Tunable and Robust Long-Range Coherent Interactions between Quantum Emitters Mediated by Weyl Bound States

Long-range coherent interactions between quantum emitters are instrumental for quantum information and simulation technologies, but they are generally difficult to isolate from dissipation. Here, we show how such interactions can be obtained in photonic Weyl environments due to the emergence of an exotic bound state whose wave function displays power-law spatial confinement. Using an exact formalism, we show how this bound state can mediate coherent transfer of excitations between emitters, with virtually no dissipation and with a transfer rate that follows the same scaling with distance as the bound state wave function. In addition, we show that the topological nature of Weyl points translates into two important features of the Weyl bound state, and, consequently, of the interactions it mediates: first, its range can be tuned without losing the power-law confinement, and, second, they are robust under energy disorder of the bath.
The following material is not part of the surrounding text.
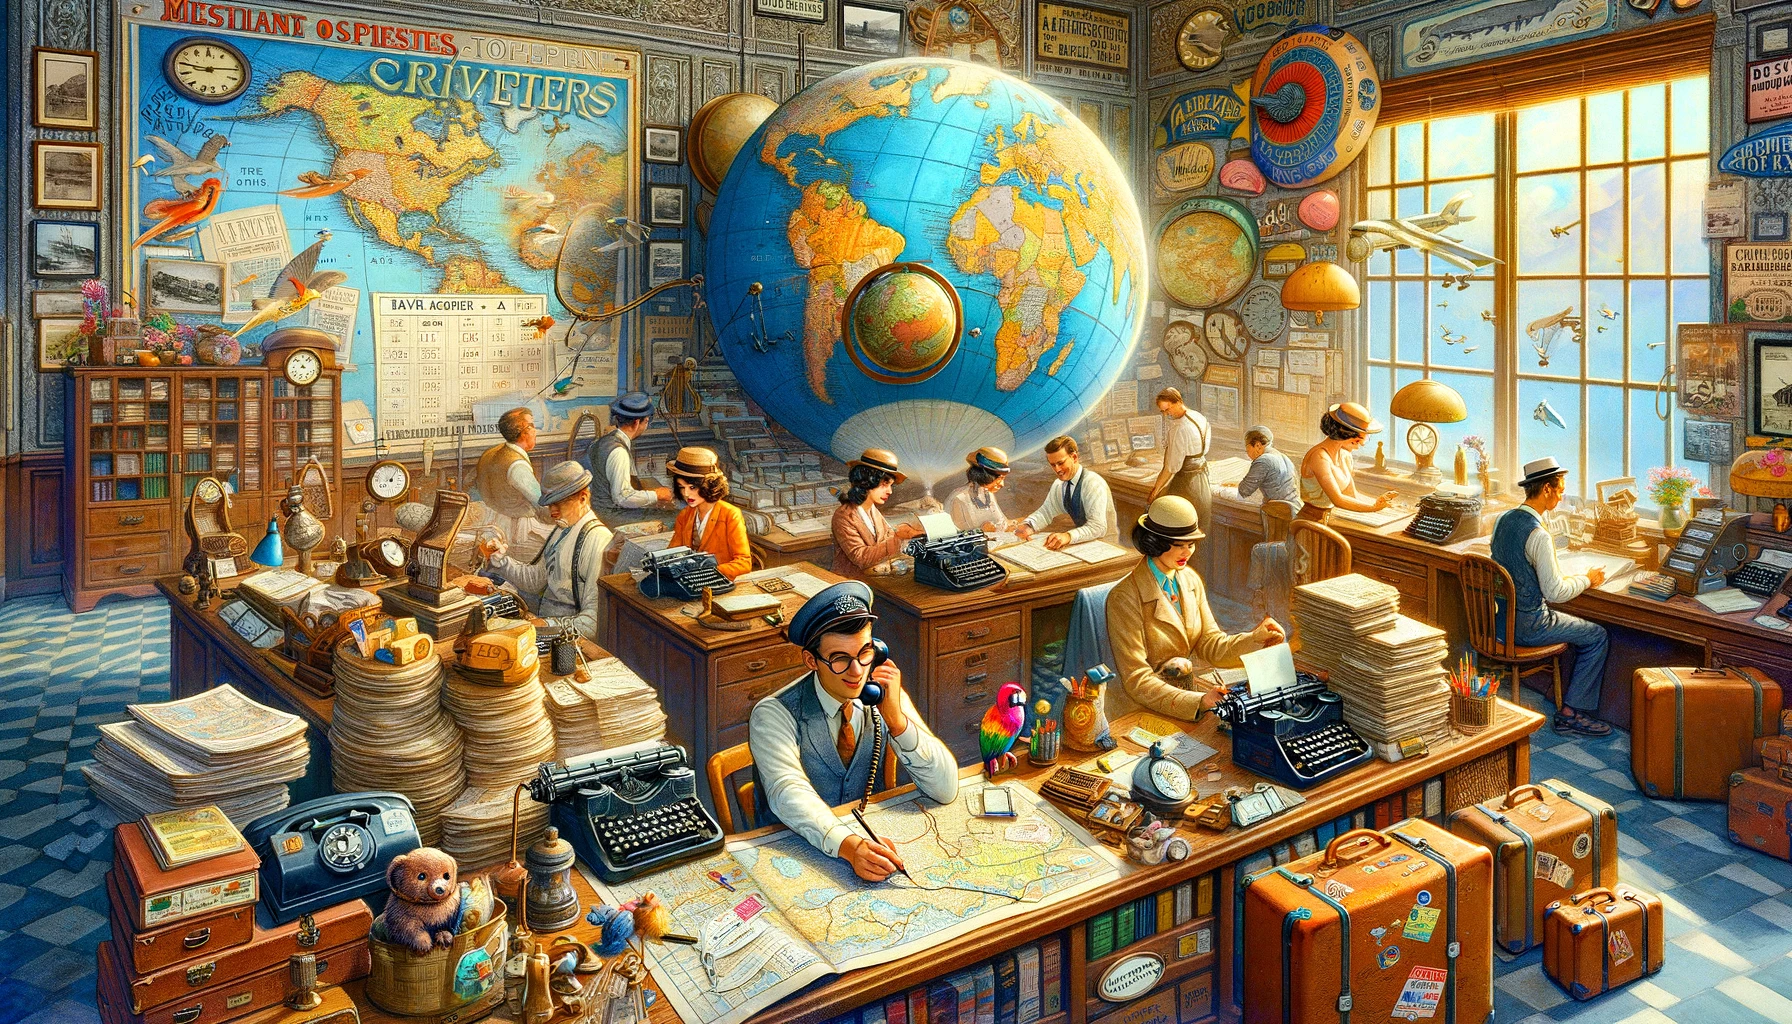 bustling travel agency office from a bygone era, with agents immersed in their work among maps and travel books
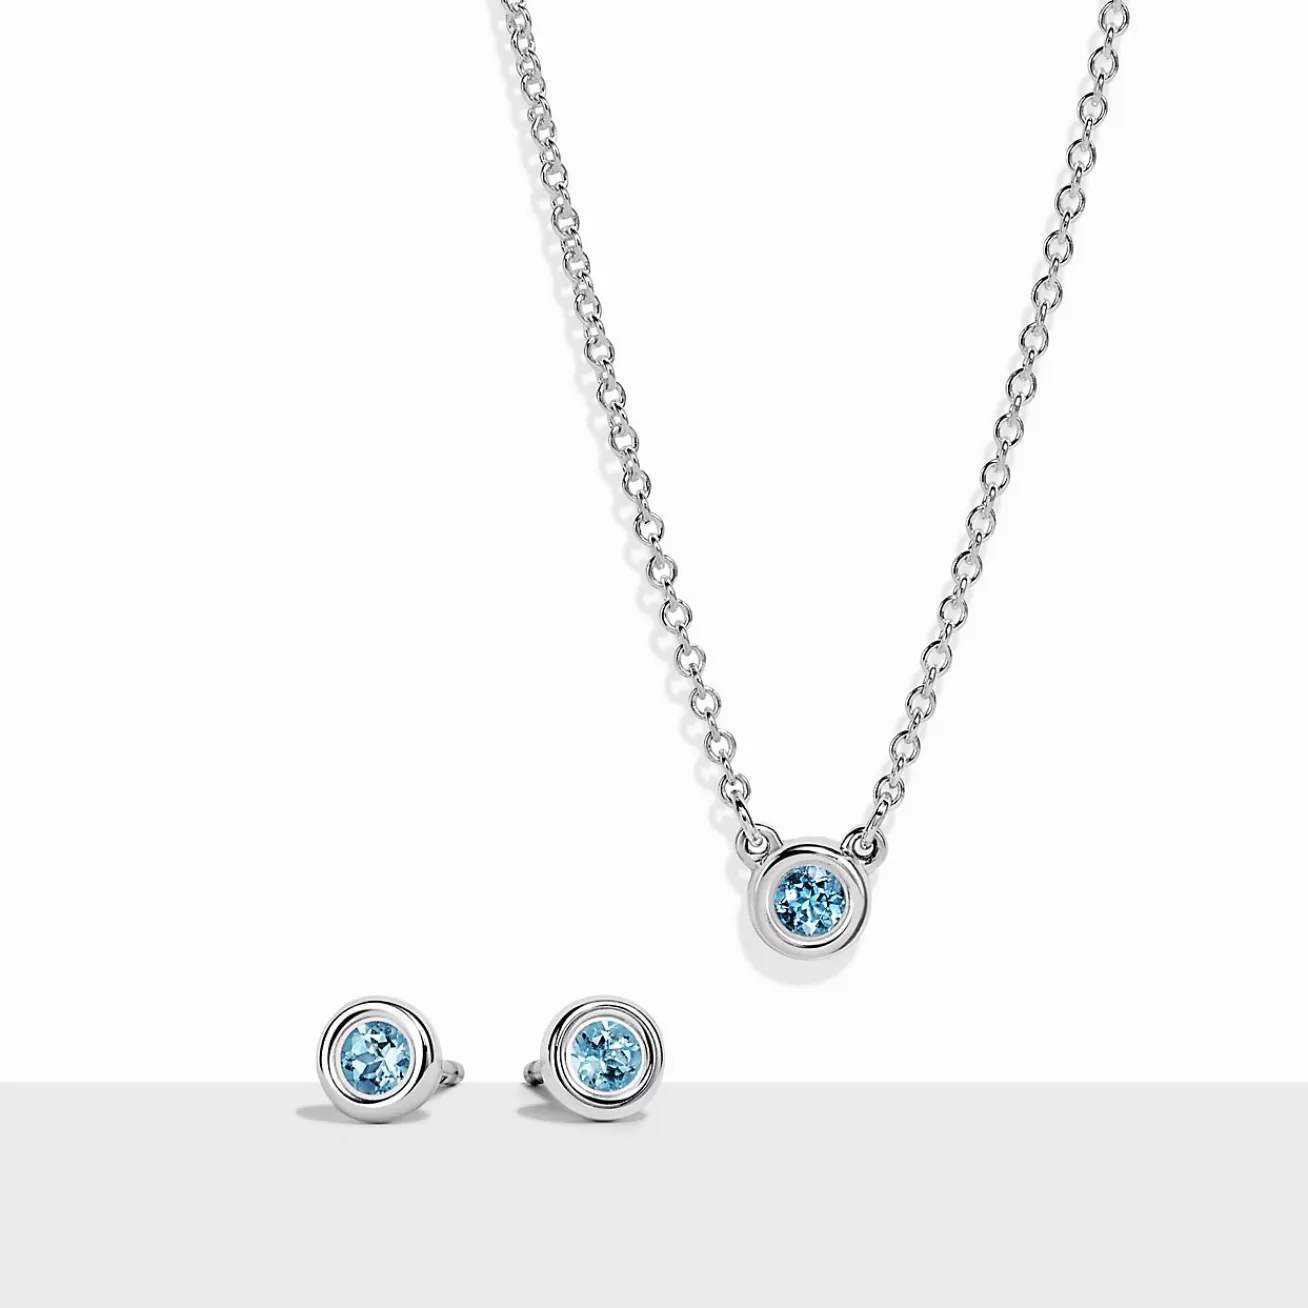 Tiffany & Co. Elsa Peretti® Color by the Yard Pendant & Earrings Set in Silver with Aquamarine | ^ Gifts for Her | Her

To our knowledge, this is the first proposal of a photonic setup that combines simultaneously coherence, tunability, long range, and robustness to disorder. These findings could ultimately pave the way for the design of more robust long-distance entanglement protocols or quantum simulation implementations for studying long-range interacting systems.

Figure 1

(a) Schematics of the analyzed system. Blue (red) shallow cylinders represent sites belonging to the $A$ ($B$) sublattice. Solid and dashed arrows correspond to positive and negative first-neighbor hoppings, $J$, respectively. $M$ denotes the sublattice frequency offset, whereas $a$ is the lattice constant. (b) Band structure of the system shown in (a), as calculated for $M=0$. The frequency of the Weyl point (${\omega }_W$) is marked with an arrow. (c) Density of states, $D(\omega )$, associated to the bath with $M=0$.

Figure 2

(a) Exact dynamics of the emitter’s excited state population, $|C_e(t){|}^2$, calculated for $M=0$, $M=J$, and $M=2J$ (shown as purple, orange, and green lines, respectively). The dashed line stands for the Markovian prediction. Inset shows $|C_e(t\to \infty ){|}^2$ versus $M$ (the cases displayed in the main figure are marked with the corresponding color code). In all displayed results, $\mathrm{\Delta }={\mathrm{\Delta }}_c$ and $g=0.5J$ is assumed. (b) Left, center, and right upper panels display the three-dimensional distribution of the normalized photonic component of the Weyl bound state for $M=0$, $J$, and $2J$, respectively. Lower panels show cuts of the corresponding spatial distributions along the $x$, $y$ directions and $z$ direction, as a function of the distance $d$ to the quantum emitter. In these panels, blue (red) bars identify the sites belonging to the $A$ ($B$) sublattice, respectively. For each value of $M$, the emitter is detuned from the Weyl frequency by the associated critical value ${\mathrm{\Delta }}_c$.

Figure 3

(a),(b),(c) Frequency of the population’s exchange experienced by two vertically aligned emitters as a function of the separation between them for $M=0$, $J$, and $2J$, respectively. Both emitters feature $\mathrm{\Delta }={\mathrm{\Delta }}_c$ and are coupled to sites belonging to the $A$ sublattice. Gray dashed lines display the power law behavior associated to the Weyl bound state’s confinement in the single emitter case. Insets show the dynamics of the excited state populations corresponding to two emitters ($|C_1(t){|}^2$ and $|C_2(t){|}^2$, solid and dotted lines, respectively), coupled to two different lattice sites with relative position ${\mathbf{r}}_2-{\mathbf{r}}_1=a\widehat{z}$. In this calculation $g=0.5J$ is assumed.

Figure 4

(a),(b),(c) Photonic component of the Weyl bound state (WBS) along the $x$ direction for $M=0$ in the presence of a random onsite energy disorder characterized by the strength value $dM=0.2J,0.4J$, and $dM=0.6J$, respectively. Blue and red crosses depict the average value of the normalized WBS’s photonic component for $A$ and $B$ sites, while shadow areas span their corresponding standard deviation. For comparison, the gray dashed line displays the inverse square power law found in Fig. 3.